Of the background and recording of 7G, and its successor, Apple, Cook spoke with The Recording Academy in September 2020, stating:
I actually finished the Apple album about a year ago. And I was just looking for the right way to contextualize it. And then with the 7G stuff, some of it was done kind of recently, but it's really an exploration of all the sounds that went into Apple. It's a time travel look at things I've been exploring since day one, since seven years ago when I was starting to do this full-time.

Obviously I'm fairly prolific and work with different people. But also I just thought it was the most true version of me to be quite saturated and seeing things from many different angles at the same time. That just felt like the right way to do a debut.
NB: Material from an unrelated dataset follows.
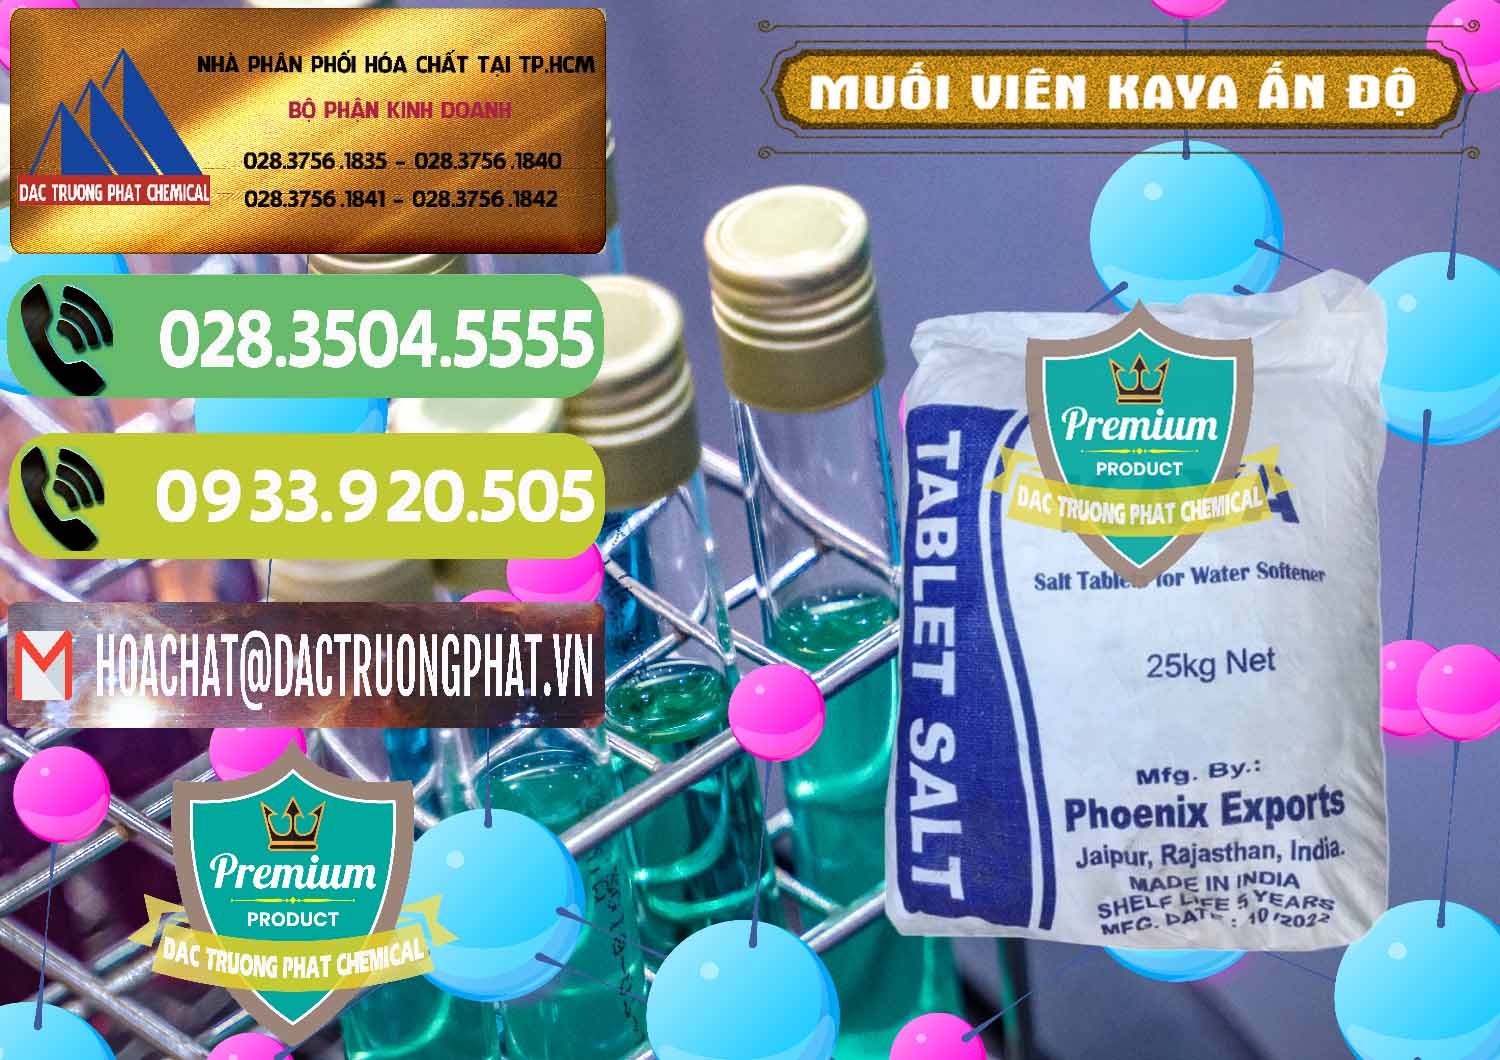 Cty chuyên kinh doanh - bán Muối NaCL – Sodium Chloride Dạng Viên Tablets Kaya Ấn Độ India - 0368 - Nơi chuyên cung cấp - nhập khẩu hóa chất tại TP.HCM - hoachatmientay.vn

== Release and promotion ==
Cook announced the 7-disc record on 31 July 2020, along with its cover art, designed by Supermodel, release date, and track list that featured 49 tracks. Instead of a lead single, Cook released a seven-minute mix, previewing one-minute snippets of "Acid Angel", "Gold Leaf", "Illuminated Biker Gang", "Anything Could Happen", "Behind Glass", "Hold On" and "Show Me What".

A digital preorder on Bandcamp was also made available, whereupon purchase buyers were gifted with a Deluxe Box Set, including "a definitive source of 7G information & artwork, a labyrinth of images, text, sound & MIDI and a 30-minute audio file", as well as the aforementioned seven-minute mix.

On 6 August, a 7G live event, titled 7 by 7, was hosted on Zoom. The live event featured sets from GRRL, Thy Slaughter (Cook and easyFun), Cook, No Rome, Baseck, Hayden Dunham & Alex Somers and Cecile Believe & Caroline Polachek. The event was later uploaded to PC Music's official YouTube channel.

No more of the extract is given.